LLM CLIs are invoked using child_process.spawn(), which creates a subprocess running the chosen CLI tool (e.g., claude, codex, gemini).

How it works:

  • stdin: the prompt is written to the subprocess’s stdin (except Claude, which takes it as a positional argument)
  • stdout/stderr: captured as string buffers, then passed to the parser
  • Exit codes: monitored to detect CLI-level failures

Where: src/utils/process.ts — the runCommand() function takes a CommandSpec (command name, arguments, optional stdin) and returns { stdout, stderr, exitCode }.

Vitest is a modern test framework built for Vite/ESM projects. It runs the unit test suite in packages/semtest-runner/tests/.

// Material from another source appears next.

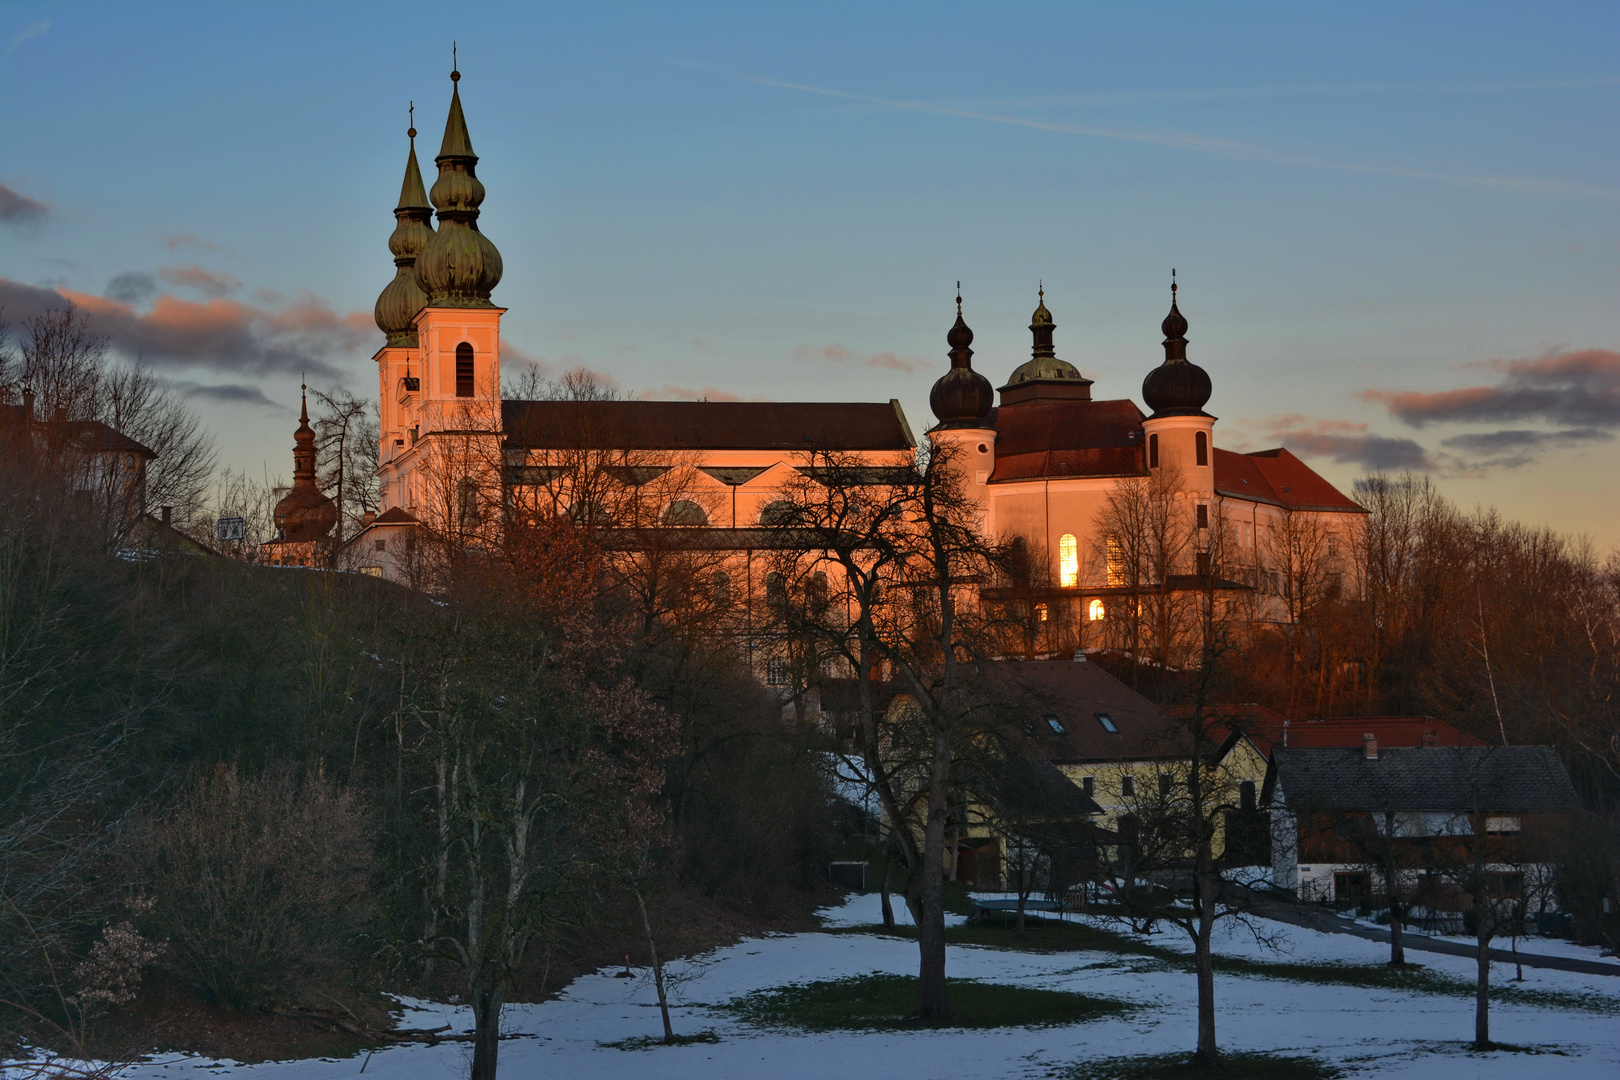 Wallfahrtskirche Maria Puchheim im Abendlicht...

Why Vitest over Jest: the project is ESM-only, and Jest has historically poor ESM support requiring extensive transform configuration. Vitest is ESM-native — it requires zero transform config and works out of the box with TypeScript and ESM imports.

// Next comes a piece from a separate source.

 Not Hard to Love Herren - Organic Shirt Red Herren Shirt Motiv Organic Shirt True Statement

Turborepo is a build system for JavaScript monorepos. It orchestrates build, dev, and test tasks across the three workspaces.

Key behaviours:

  • Topological builds: the ^build dependency means packages build before apps that depend on them
  • Task caching: Turborepo tracks inputs and outputs, rebuilding only what changed
  • Parallel execution: independent tasks across workspaces run in parallel

Where: turbo.json at the repo root.

pnpm manages workspace dependencies and hoisting. pnpm-workspace.yaml defines the monorepo structure.

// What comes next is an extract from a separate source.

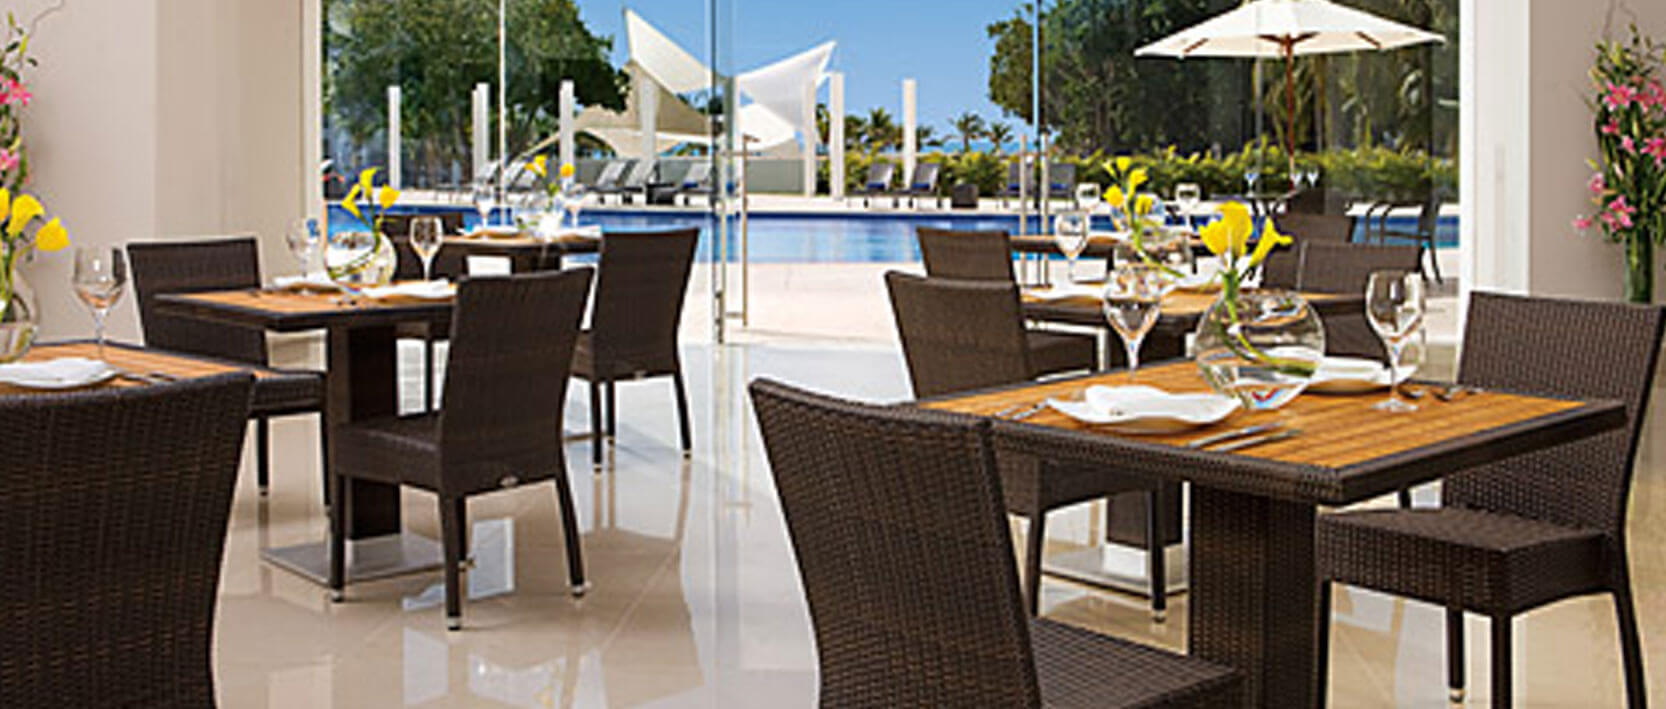 Dreams Villamagna Nuevo Vallarta Restaurants and Bars - World Cafe

pnpm uses strict dependency resolution by default — packages only see their own declared dependencies, not transitive ones hoisted from other workspaces. The project uses shamefully-hoist=true in .npmrc to work around a local dependency resolution issue with Zod versions (this doesn’t affect CI).


semtest-runner/
├── packages/
│ └── semtest-runner/ # The main package (@thulanek/semtest-runner)
│ ├── src/
│ │ ├── cli.ts # Commander CLI entry point
│ │ ├── index.ts # Public API re-exports
│ │ ├── config/ # Zod schema + jiti config loader
│ │ ├── discovery/ # Test file discovery
│ │ ├── prompt/ # LLM prompt construction
│ │ ├── runner/ # Adapter pattern for LLM CLIs
│ │ │ └── adapters/ # claude, codex, gemini, opencode
│ │ ├── parser/ # Resilient JSON parsing
│ │ ├── validation/ # Post-run result validation
│ │ ├── report/ # Markdown + JSON report generation
│ │ ├── output/ # Terminal spinner + summary
│ │ └── utils/ # Process spawning, filesystem helpers
│ ├── tests/ # Vitest unit tests
│ ├── tsup.config.ts # Bundler configuration
│ └── tsconfig.json # TypeScript configuration
├── apps/
│ ├── docs/ # Public documentation (Astro Starlight)
│ └── internal-docs/ # Contributor documentation (these docs)
├── turbo.json # Turborepo task definitions
├── pnpm-workspace.yaml # Workspace definitions
└── package.json # Root package (private, scripts only)
  • packages/semtest-runner/ — the only publishable package. Contains all source code, tests, and build config. Published to GitHub Packages as @thulanek/semtest-runner.
  • apps/docs/ — public-facing documentation site. Built with Astro Starlight and Tailwind CSS v4. Runs on port 4321 in dev.
  • apps/internal-docs/ — contributor documentation (what you’re reading now). Same stack as the public docs. Runs on port 4322 in dev.